Bit of a personal care question here for the gals, but we've noticed during our longer clay wallows that it can really dry out Ms. Plonk's hair. It's fairly fine (blonde, straight) to begin with, and she usually combs a bit of conditioner through it pre-session, but the clay, by nature, can really suck the moisture out of things, certainly more than paint or batter. Anyone have any recommendations or product that they swear by? (Shower caps are a hard NO from both of us ) Understandably, she's a bit hesitant to ask her tea-spilling hairdresser, so here we are.

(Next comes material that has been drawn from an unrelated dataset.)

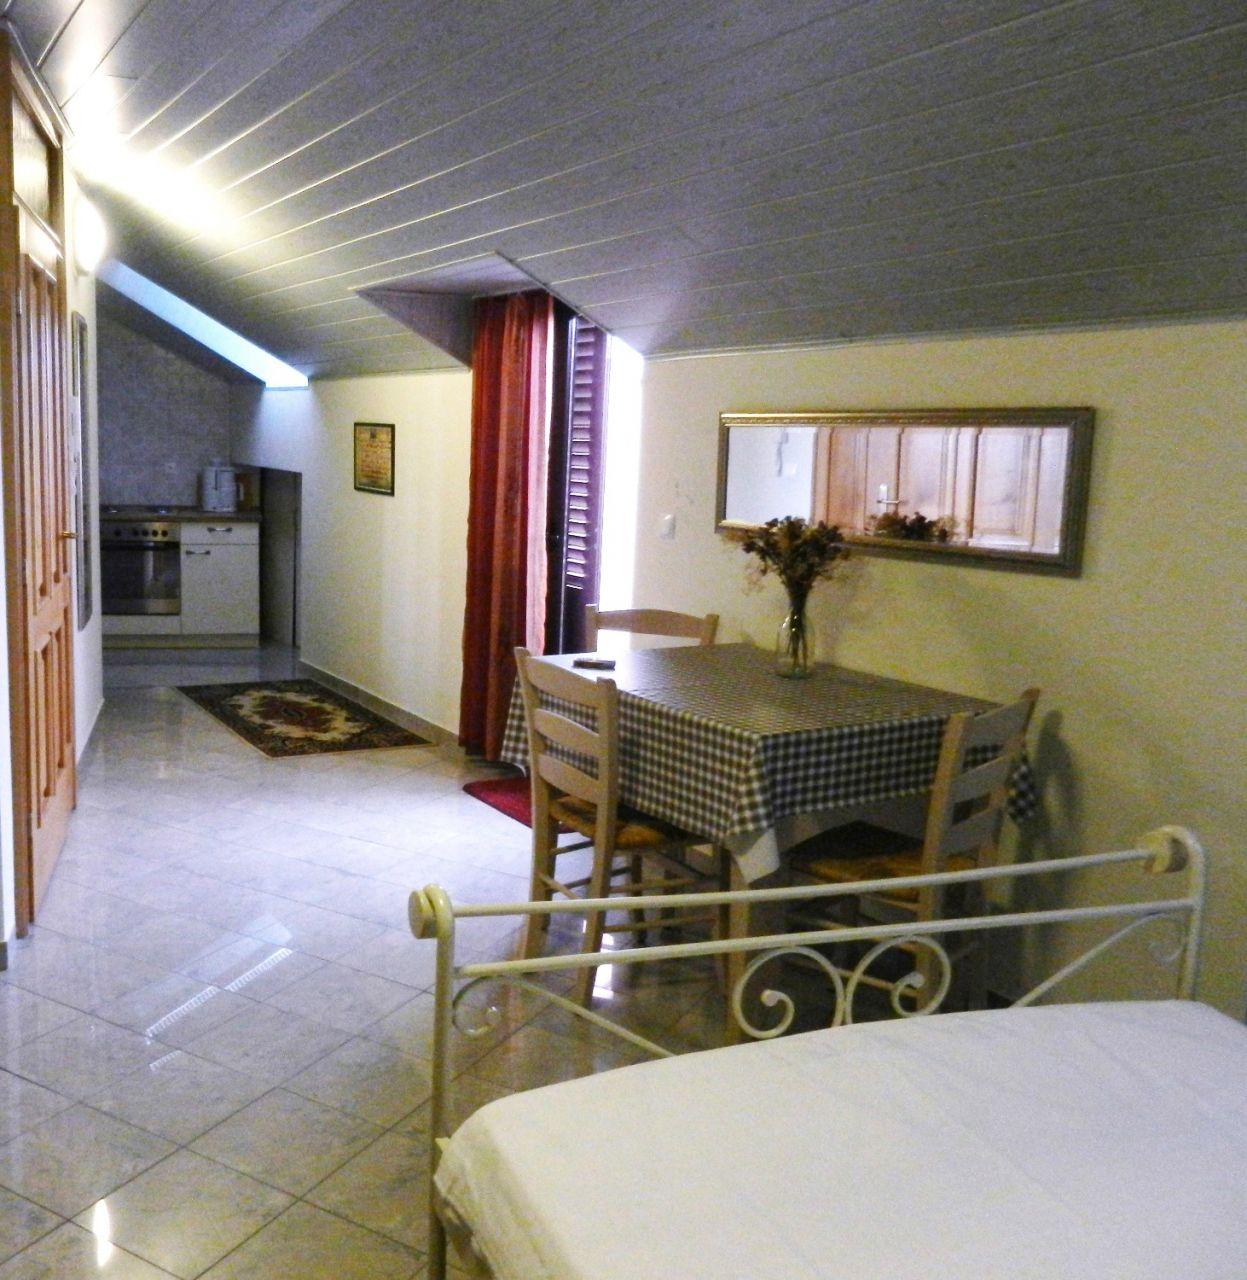 Jozefina - Crikvenica - Appartementen Kroatië - SA2(2): slaapkamer

(Pix: Token muddy cowgirl to keep the rest of you fhappy.)
Honeysuckle's technique, which most of our people now use, is to comb *lots* of conditioner through her hair, we use large bottles of Tresseme and tell the girls to use as much as they want, up to an entire bottle for a day's shoots. The riverbank clay we play in is naturally very wet, so may not be as bad as other claypits, but it does seem to work.

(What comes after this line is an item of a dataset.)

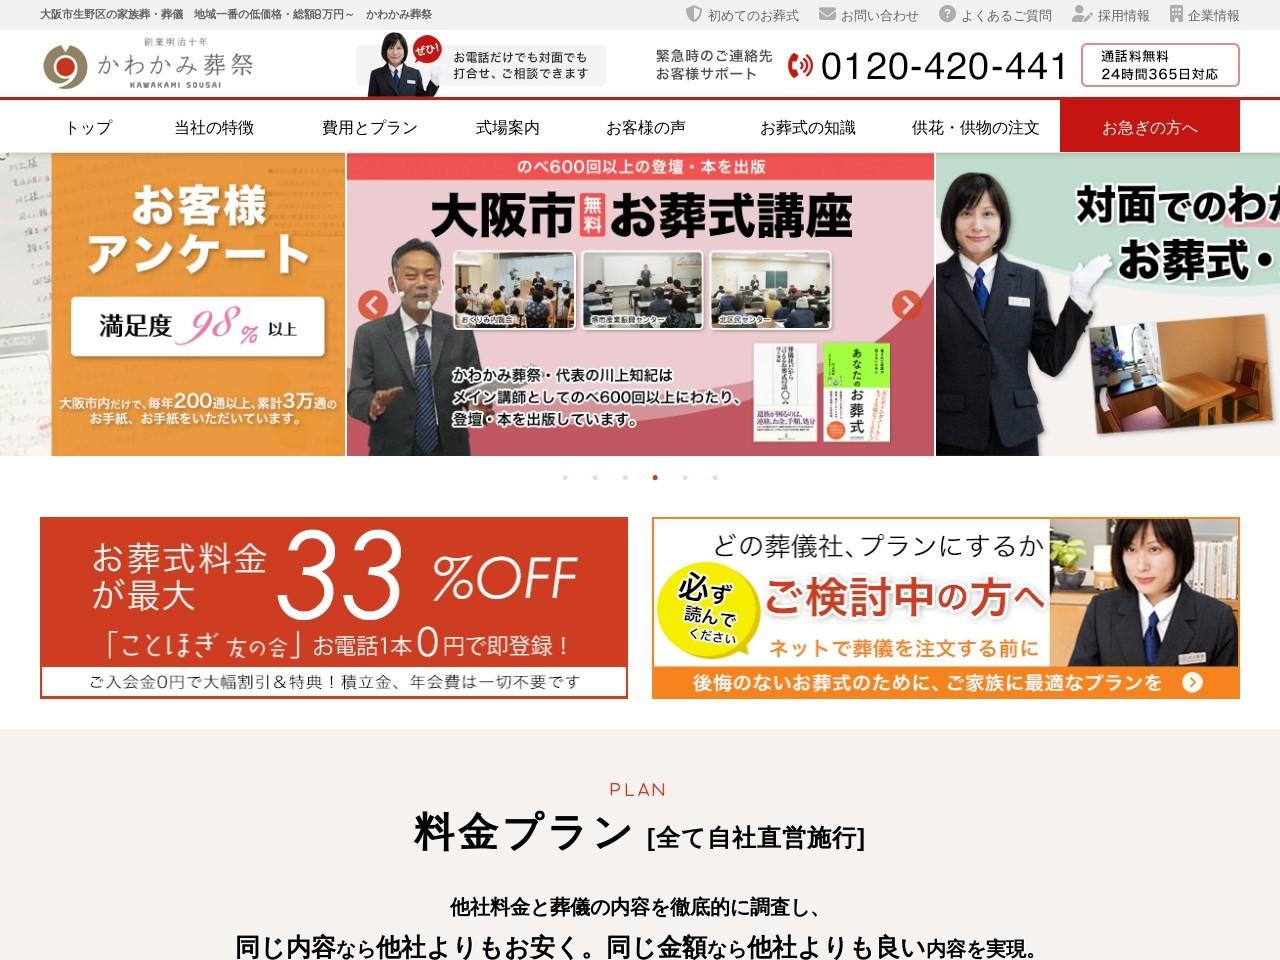 大阪の老舗葬儀社 創業130余年 大阪の葬儀や家族葬のことなら、川上葬祭まで。川上葬祭【公式サイト】

Hello Mrs. Mud here I have "mud" caps. 4 silicone swim caps, 1 latex swim cap, 4 shower caps and 2 spa hair towels. For casual mud bathing were I will be giving myself a facial and just relaxing in the mud, smoking and enjoying a glass of wine I will wear a spa hair towel. If I'm going to mud bath and masterbate usual I will wear a shower cap. And usual if my husband joins me and things get physical I will wear a swim cap. And sometimes if the mud is runny I will just let my hair down. Mud is surprisingly good for your hair. The one great thing about a swim cap besides keeping mud out of your hair is it keeps mud out of your ears. If you choose not to wear anything for your hair invest in earplugs. If your hair starts to dry out I use egg and mayo. I'll blend old eggs and mayo into a stinky shampoo in my kitchen aide blender. My advise if your as fortunate as us. Make your blend go outside and coat your entire head. I love walking through our garden but naked covered in mayo and egg. My hair goes to my shoulders but saturated in mud or mayo goes to my back. You'll have this stinky shit you just coated your hair in dripping over your face, your tits and ass. Basically looks like your naked ass stepped outside and got shit on by a dinosaur!